В ту же секунду в бараке повисла мертвая тишина. Мек пошел на меня, слегка набычившись, сведя брови и полуоткрыв рот. Видно было, что он очень рад наконец-то открывшейся возможности меня отдубасить.
– Что такое? – прошипел он и мрачно уставился мне в лицо. – Что ты такое сказал, ты, слизняк?
Я обвел взглядом лица, едва белевшие в полумраке вечернего барака. Некоторые смотрели равнодушно, другие удивленно, но на большинстве лиц читалась холодная, неутоленная жажда поглядеть на жестокую драку. Однако я заметил и лицо Генриха Тисса.
– Я сказал, чтобы ты заткнул свою паршивую глотку! – рявкнул я.
Наорать на Мека мне посоветовал Генрих. И это сработало. Мек на миг замер, прежде чем прыгнуть на меня. Он врезал мне в плечо, я ему – в шею. Тогда он пригнулся, чтобы схватить мои колени, – все точно, как сказал Генрих. Это произошло так быстро, что мне была бы крышка, если бы я не знал про все это заранее. Я отскочил назад и пнул его ногой. Он выпрямился, слегка покачнувшись, и тогда я вмазал ему в брюхо – раньше, чем он успел защититься руками. Хватая ртом воздух, он рухнул на землю и лежал не двигаясь. «Хватит с него! – крикнул кто-то из угла. – Отвали!»
Я взглянул на Генриха. Он кивнул. Я обвел глазами лица столпившихся вокруг меня людей; взгляд мой упал на серые мешки, набитые соломой, кирки и лопаты у стены… В окно я увидел – словно впервые в жизни – луга в мягком предвечернем свете и вдруг понял, что весь дрожу. В эту минуту Мек вполне мог бы стереть меня в порошок.
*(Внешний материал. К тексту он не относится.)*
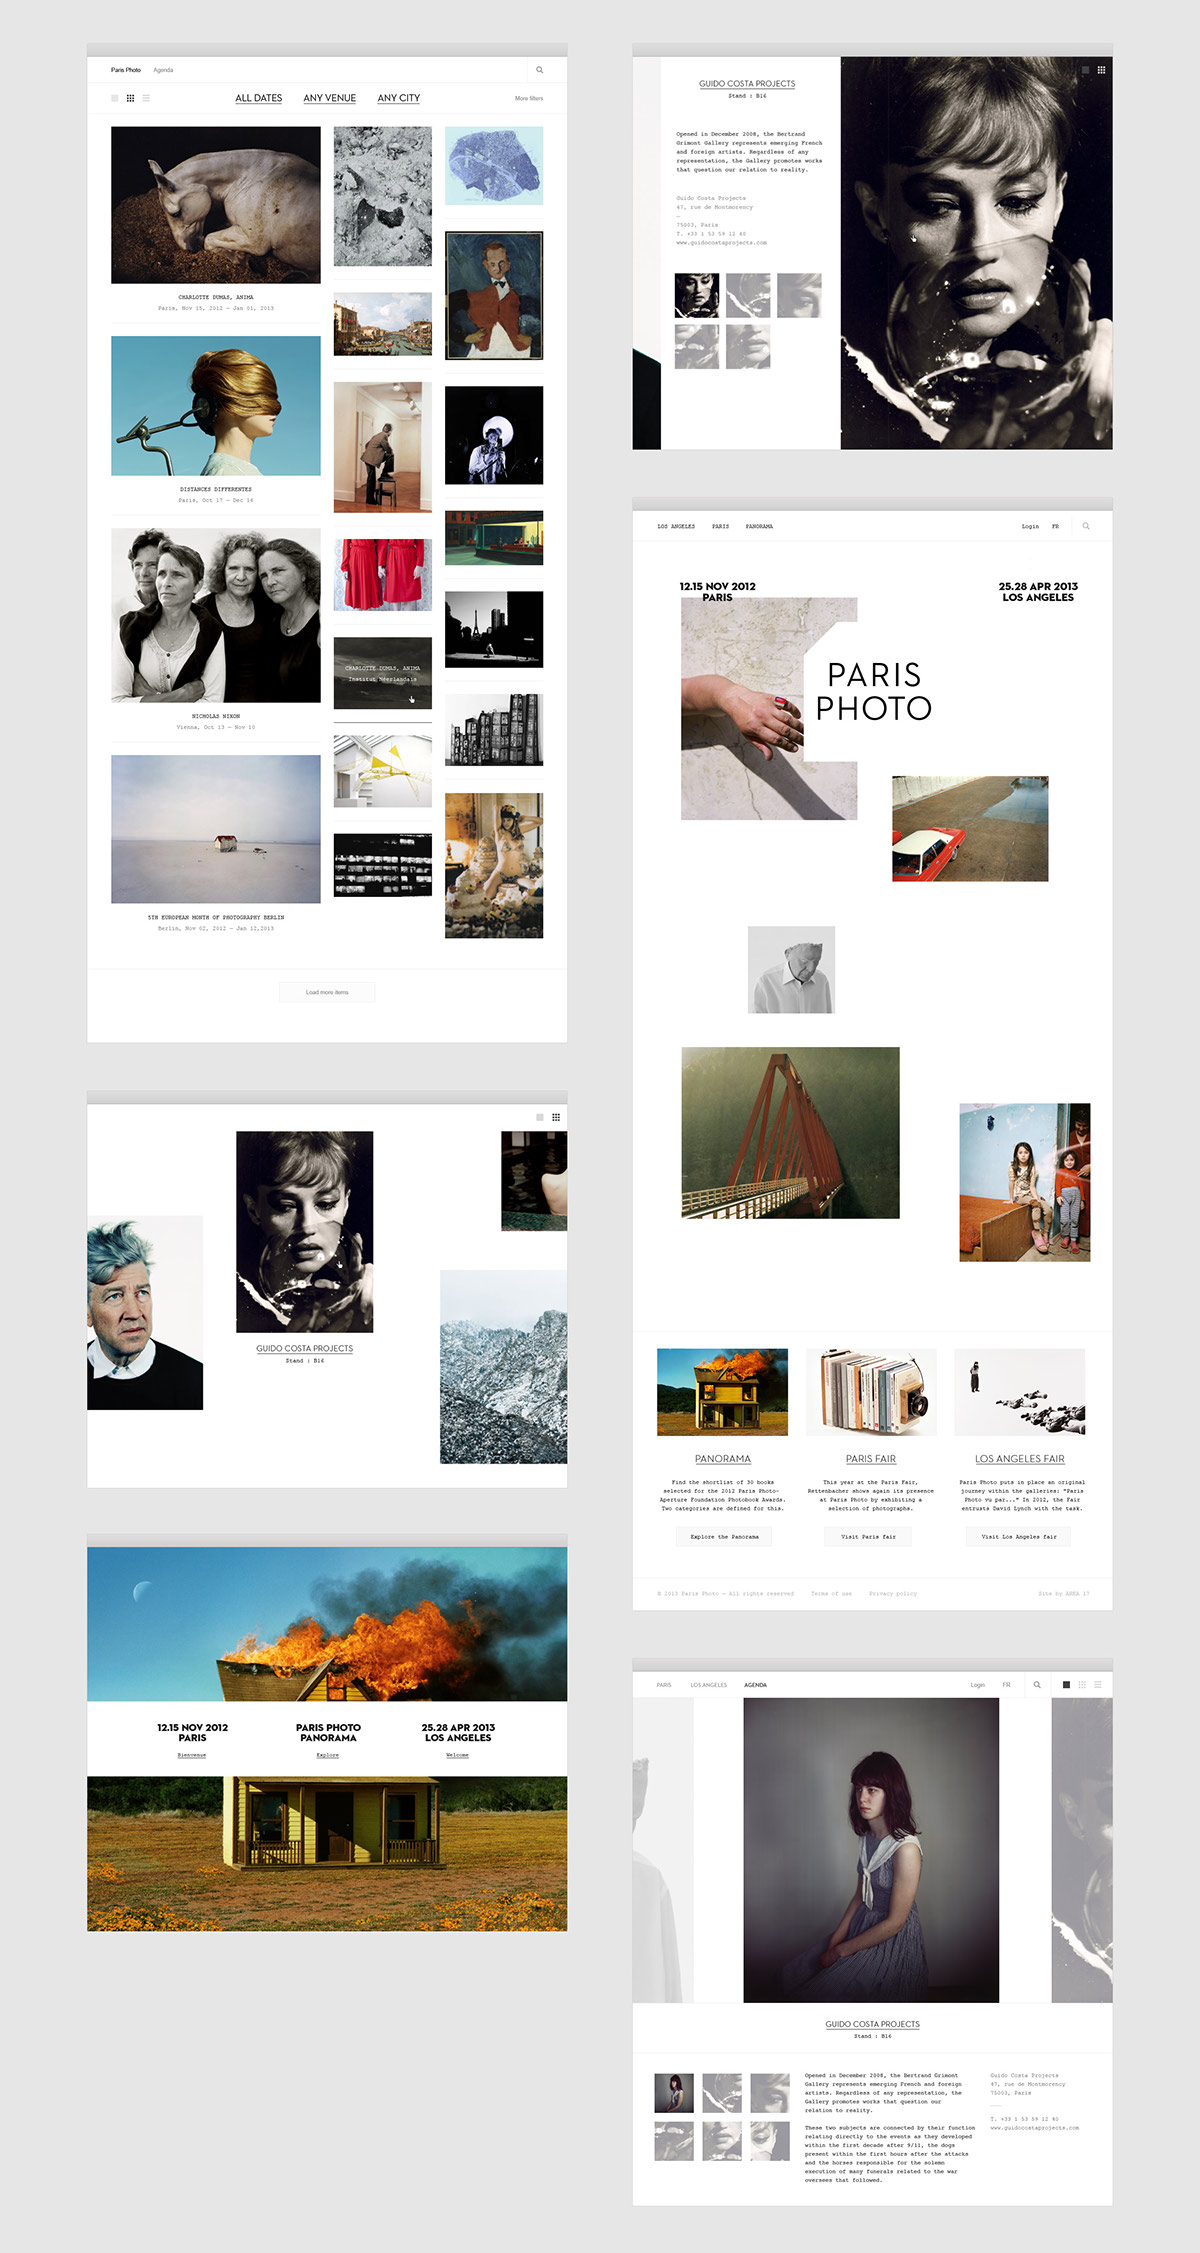 Paris Photo Photography Fair David Lynch KRRB buy local

Я подошел к Генриху. Вдруг раздался чей-то возглас: «Гляди в оба!» Я отпрыгнул в сторону, а в следующий миг Генрих вскочил на ноги и бросился ко мне. Удар – режущий ухо крик – Мек стоит на коленях с ножом в руке.
– Черт его побери! – крикнул тот же голос, который до этого предостерегал меня. – Поножовщина – это ему с рук не сойдет!
Генрих шагнул к Меку. Он бил его кулаком, как кузнечным молотом. Это было страшное зрелище. Барак застонал. А он продолжал молотить Мека. Тот уже лежал, распластавшись на земле. Я не мог больше спокойно на это смотреть. «Оставь его», – сказал я.
Генрих взглянул на меня, словно не узнавая, и покачал головой.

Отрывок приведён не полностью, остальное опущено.